What is missing is not evidence.
It is willingness.
Closing — The Problem Is Not a Lack of Data
By the time you have read enough autism research, a pattern sets in. Not in the findings, but in the framing. Another year passes. Another paper is published. The language shifts slightly—more careful, more qualified, more attuned to variability—but the underlying story remains intact. Autism is still something to be explained by what is missing, delayed, or insufficiently developed.
This repetition is often mistaken for consensus. It is not.
The stagnation in the field is not a result of ignorance. The limitations of core-deficit models have been articulated clearly and repeatedly. Nor is it the result of malice. Most researchers working in this area are careful, well-intentioned, and genuinely concerned with improving outcomes for autistic people.
The problem is more structural than that.
It is a persistent refusal to relinquish deficit frames, even when they no longer explain what the data show. It is the continued use of methods that cannot see gestalt processing as language because they were never designed to.
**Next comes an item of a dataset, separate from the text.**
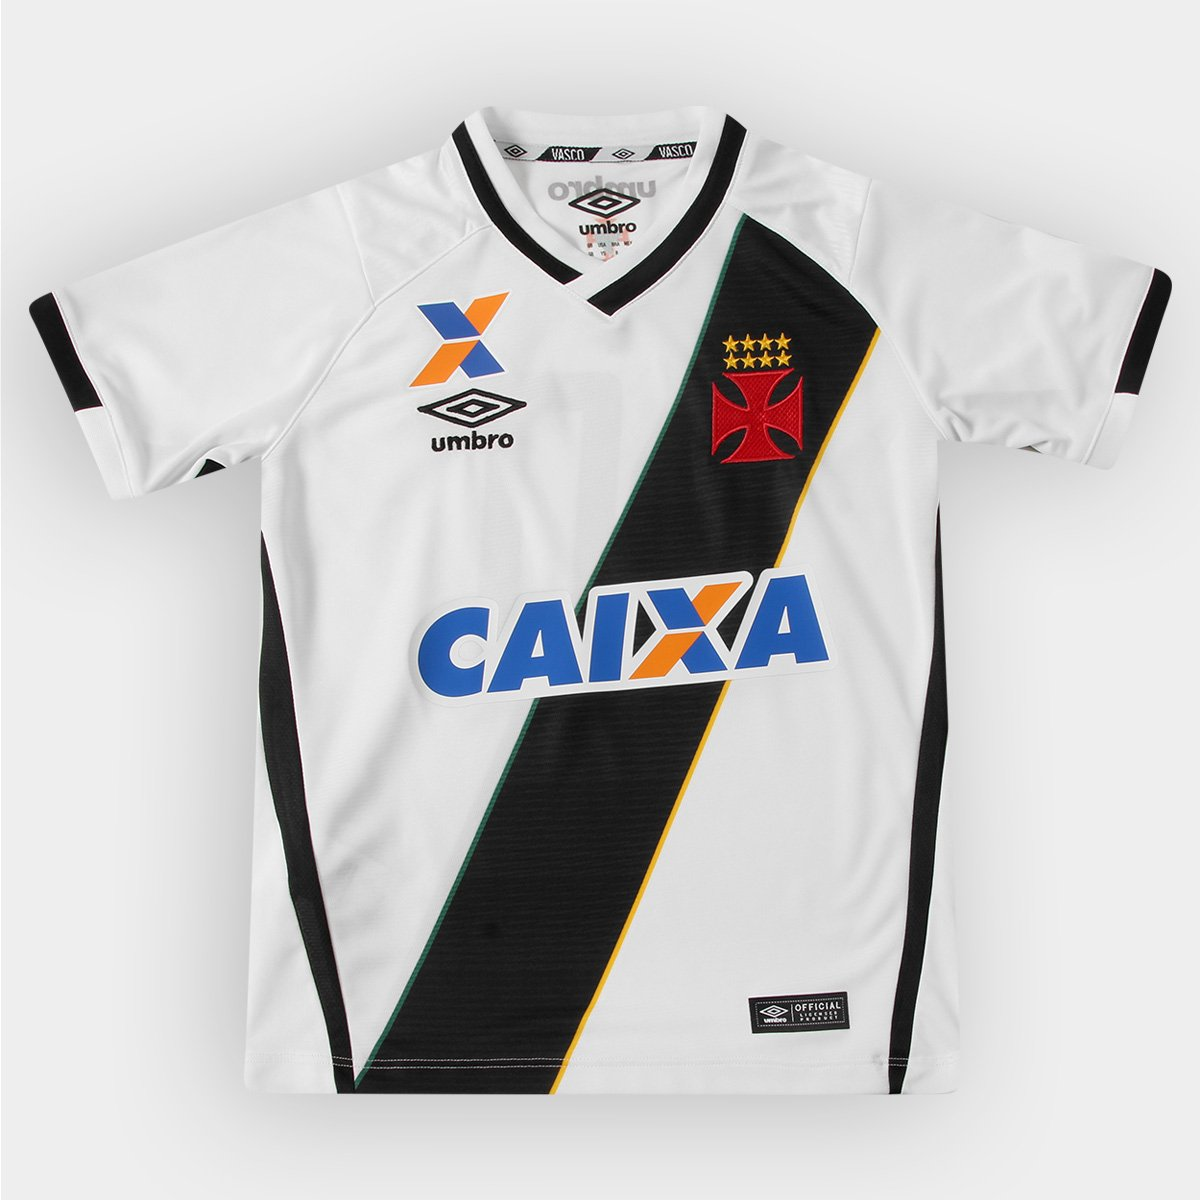 eaf2dc4d3e Camisa Umbro Vasco II 16 17 nº 10 Juvenil - Compre Agora

It is the quiet decision, made again and again, to interpret difference as approximation rather than as architecture.
The study by Kritsotakis and Morfidi does not stand out because it is unusually flawed. It stands out because it is so representative of where the field remains. Careful measurement. Thoughtful caveats. And a framework that still cannot recognise a perfectly ordinary human way of making meaning unless it resembles the one it already knows how to measure.
Gestalt language processing does not need to be defended as an exception.
It needs to be recognised as one of the ways humans make meaning—across a lifetime.
Until that recognition becomes possible within mainstream research, we will continue to see the same conclusions repackaged each year, and the same lives misunderstood—not because the evidence is lacking, but because the frame refuses to move.